Pânico com o covid-19 deixa Cidades desertas, esvazia hotéis, obriga aéreas a cancelar rotas e impede que navios de cruzeiro desembarquem passageiros. Perdas são estimadas em US$ 30 bilhões apenas na aviação.

Crédito: Istock

No horizonte da economia do século 21 há uma indústria que concentra riqueza e outra que a distribui. A primeira é a de Tecnologia da Informação, setor em que estão as cinco empresas com o maior valor de mercado no mundo hoje. Apple, Amazon, Microsoft, Alphabet (que controla o Google) e Facebook valem juntas US$ 5 trilhões, uma concentração inédita na história do capitalismo. A indústria que distribui renda, por sua vez, é bem mais pulverizada. Trata-se do turismo, que promove um constante fluxo de pessoas pelo globo (e até fora dele, com as viagens espaciais capitaneadas por Virgin Galactic, de Richard Branson, e SpaceX, de Elon Musk). Dentro ou fora da órbita terrestre, o turismo gera oportunidades de negócio tanto para grandes conglomerados (companhias aéreas, redes hoteleiras, empresas de cruzeiros) quanto para pequenos empreendimentos, sejam agências de viagem locais, pousadas, restaurantes ou guias turísticos que atuam em suas comunidades. Para todos eles, a receita depende do interesse de visitantes. Segundo uma pesquisa anual realizada pelo Conselho Mundial de Viagens e Turismo (WTTC, na sigla em inglês) em parceria com a Oxford Economics, ligada à tradicional universidade inglesa, o setor de turismo respondeu, em 2018, por 10,4% de toda a atividade econômica do planeta, gerando 319 milhões de novos empregos (um em cada cinco dos que foram criados desde 2014). O valor total movimentado por essa indústria é calculado em US$ 8,8 trilhões ao ano — quase o dobro do PIB japonês, que é o quarto do mundo (US$ 4,9 trilhões em 2018). Se fosse um país, o turismo só ficaria atrás dos Estados Unidos (US$ 20,6 trilhões) e da China (US$ 11,5 trilhões).

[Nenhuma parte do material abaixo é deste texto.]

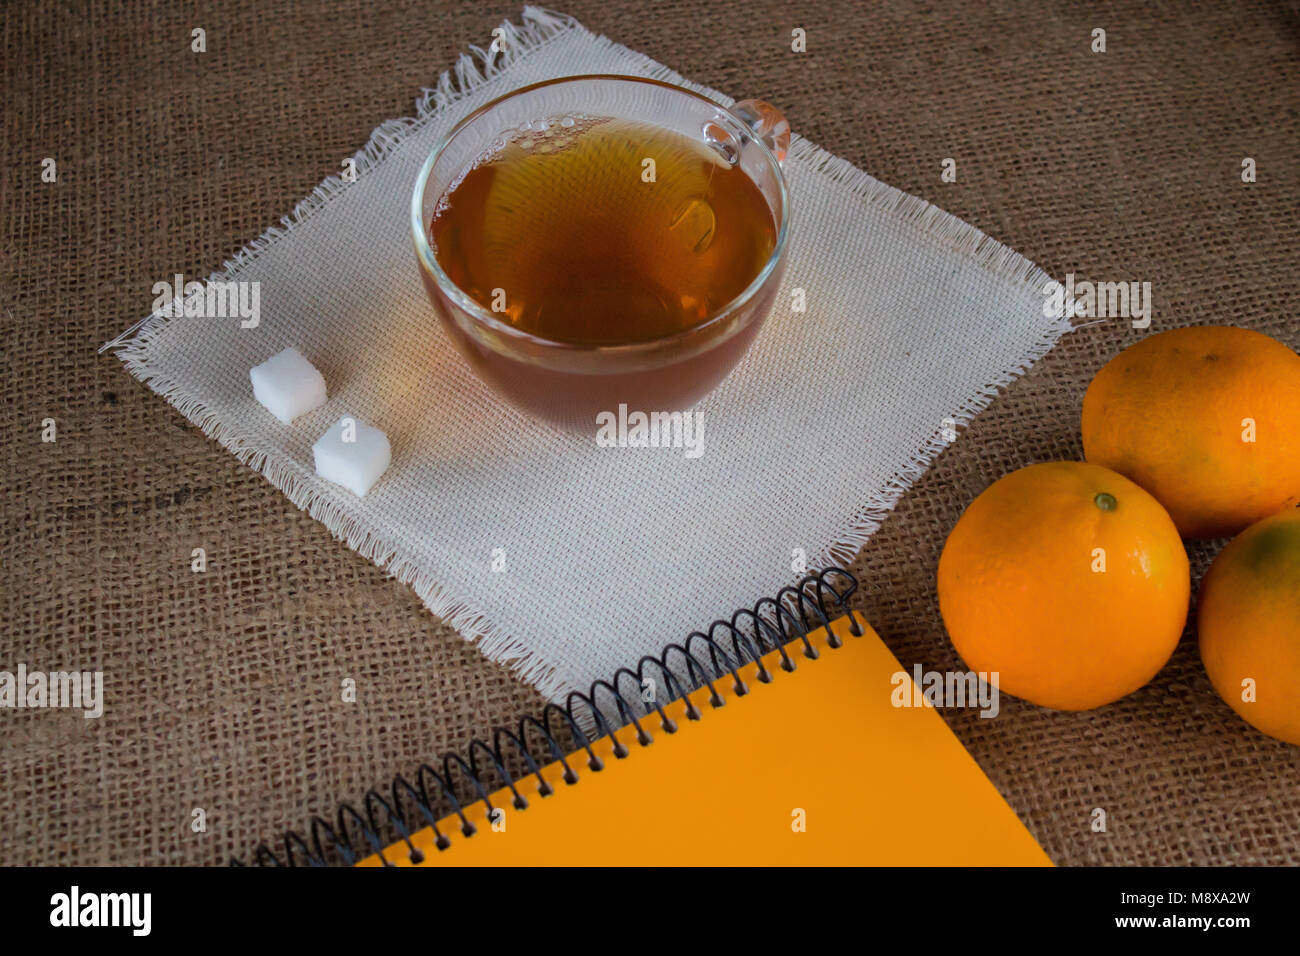 Morning cup of tea. Mandarins on the table. Notepad to write plans for the day. Stock Photo

Vetores de vírus? Turistas de origem asiática usam máscaras na Piazza San Marco, um dos cartões postais de Veneza, na Itália. O alto número de visitantes estrangeiros ao país europeu pode ser uma das razões para a rápida propagação do Covid-19. (Crédito:Andrea Pattaro)

As grandes cifras são apenas um fator que aproxima tecnologia e turismo. Ambas têm um inimigo letal que atende pelo mesmo nome: vírus. Com uma diferença. No mundo digital, ainda que vírus ofereçam ameaças graves e permanentes, não costumam provocar perdas em vidas humanas. Causam apenas danos materiais, muitas vezes compensados por novos negócios. Há empresas inteiras dedicas a combater as ameaças virtuais e garantir a tranquilidade dos usuários de computadores, redes de dados e smartphones — com a promessa de que tudo funcione bem mediante o pagamento de uma perene proteção antiviral. No mundo físico é diferente. Vacinas também movimentam fortunas. Sua descoberta, porém, não é imediata. No hiato de tempo entre a expansão do contágio por um novo vírus e sua profilaxia completa é que as consequências podem ser devastadoras. Para piorar, não há garantia de que surjam drogas capazes de imunizar a humanidade de todas as doenças causadas por vírus. Tal incerteza pode se converter rapidamente em pânico.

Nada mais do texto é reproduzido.